### DATASET EXTRACT
◆ ◆ ◆ ◆ ◆ ◆ ◆

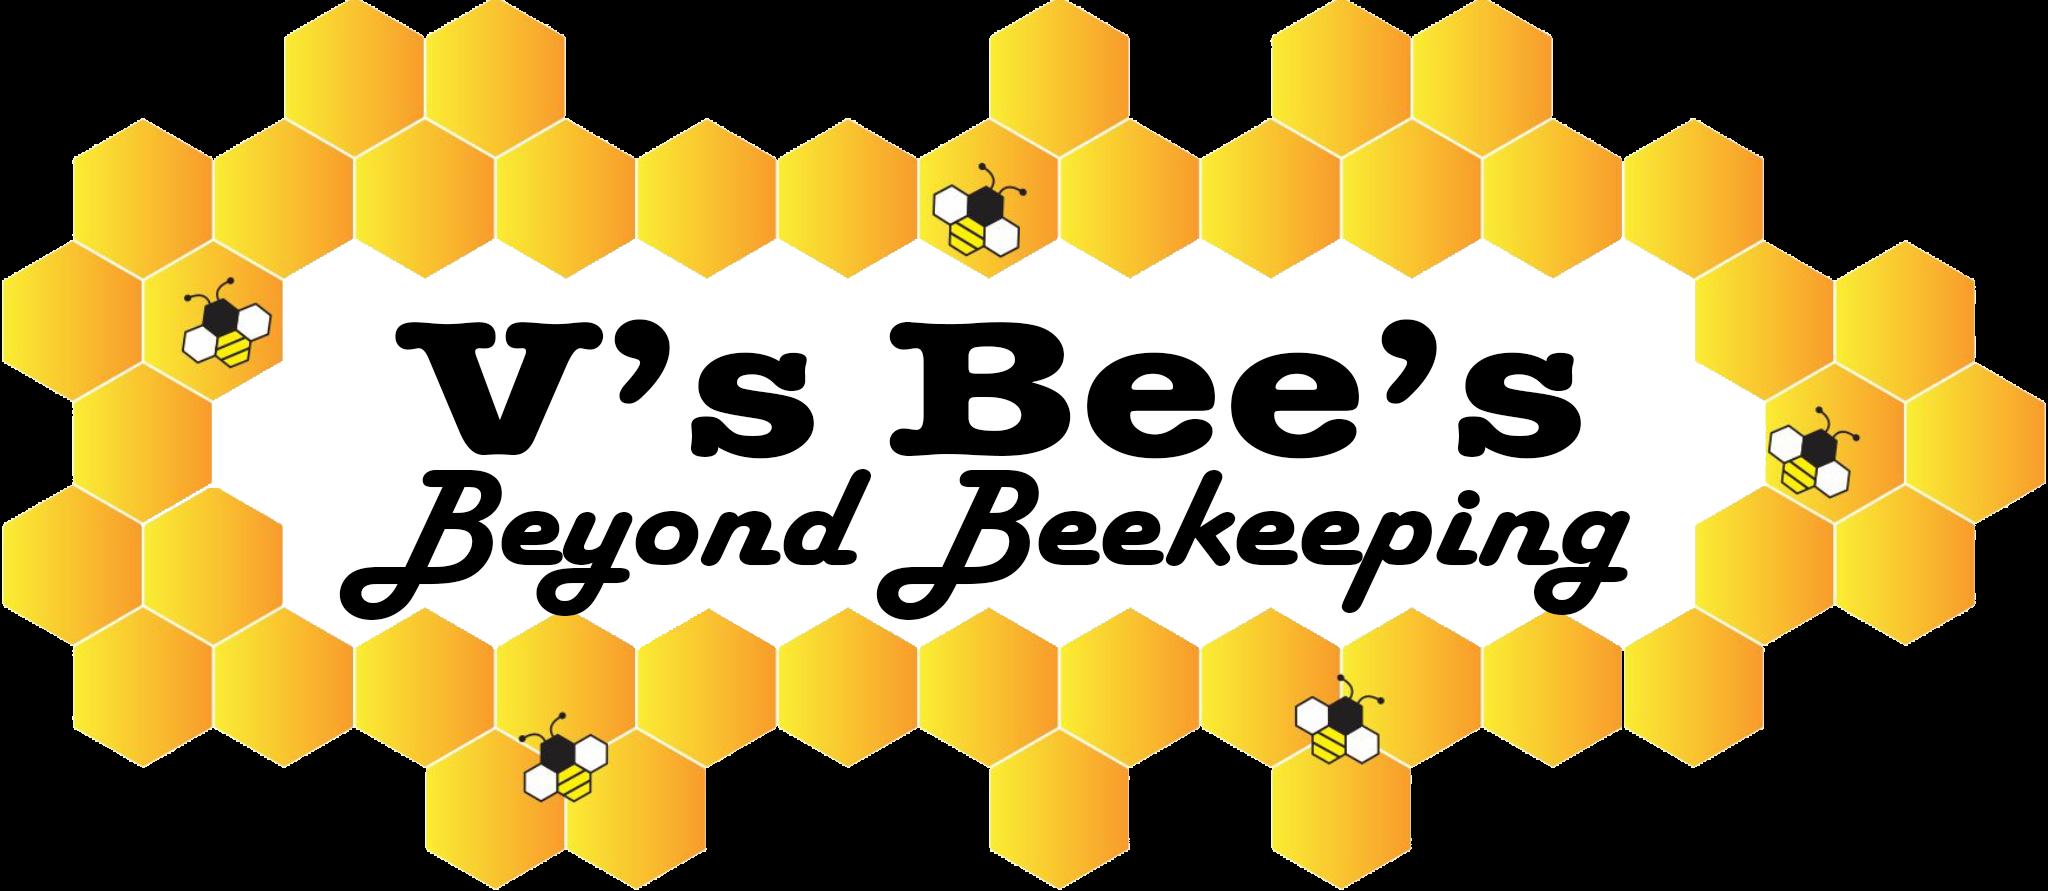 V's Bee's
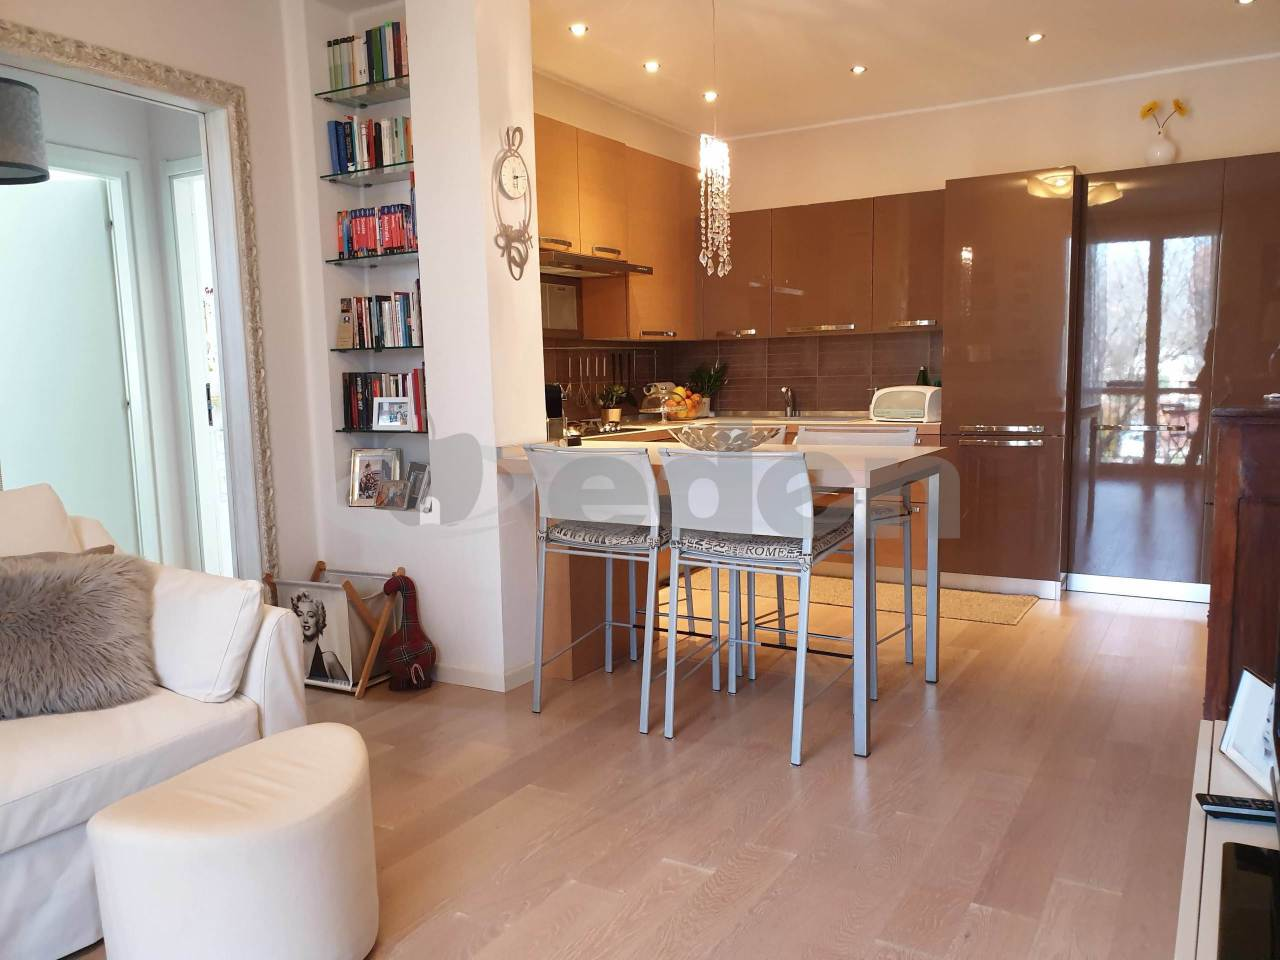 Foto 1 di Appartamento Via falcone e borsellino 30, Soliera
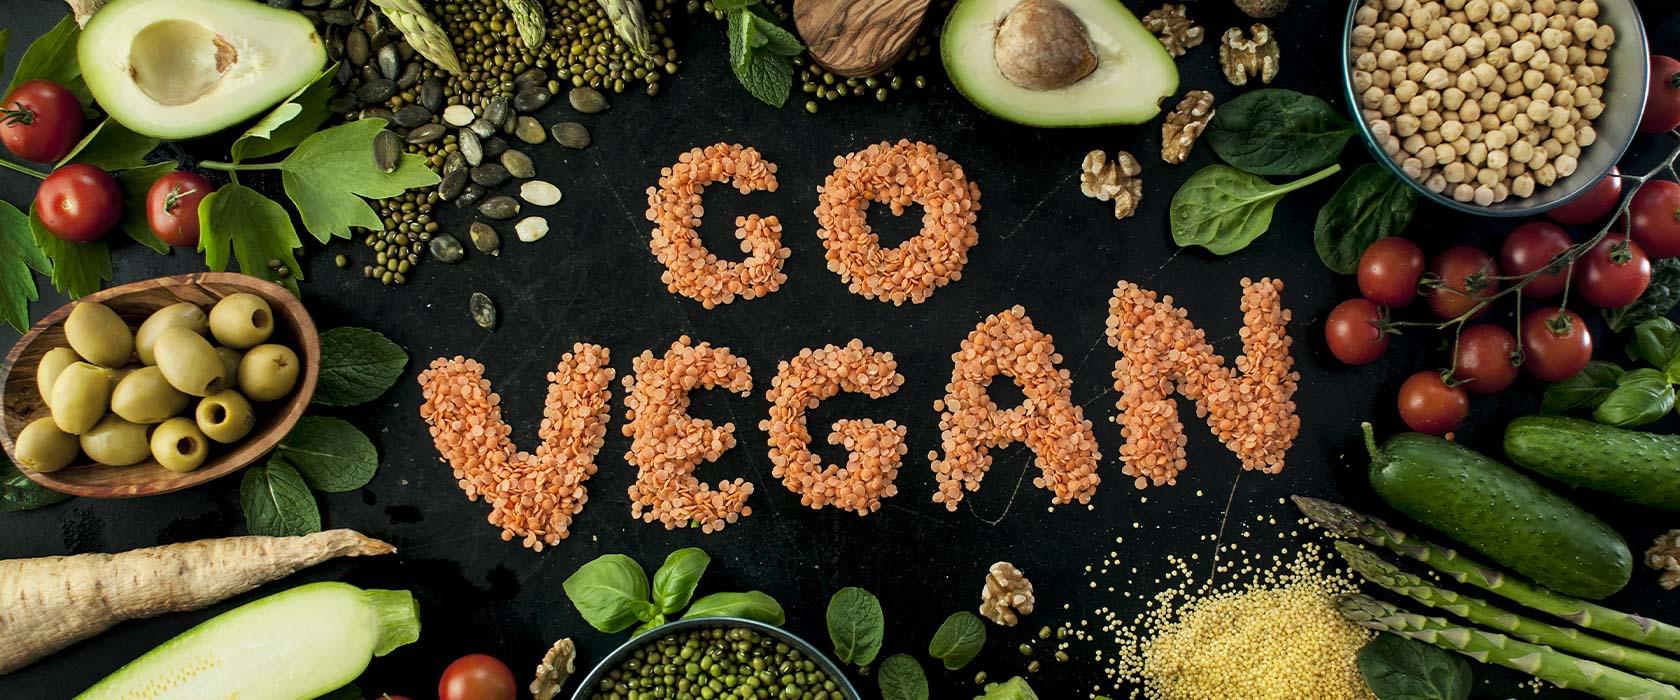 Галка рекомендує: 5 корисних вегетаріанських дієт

◆ ◆ ◆ ◆ ◆ ◆ ◆

### WORK INSTRUCTION
Reproduce the whole listing exactly, but not the images in it.

### WRITTEN ANSWER
 V's Bee's
 Foto 1 di Appartamento Via falcone e borsellino 30, Soliera
 Галка рекомендує: 5 корисних вегетаріанських дієт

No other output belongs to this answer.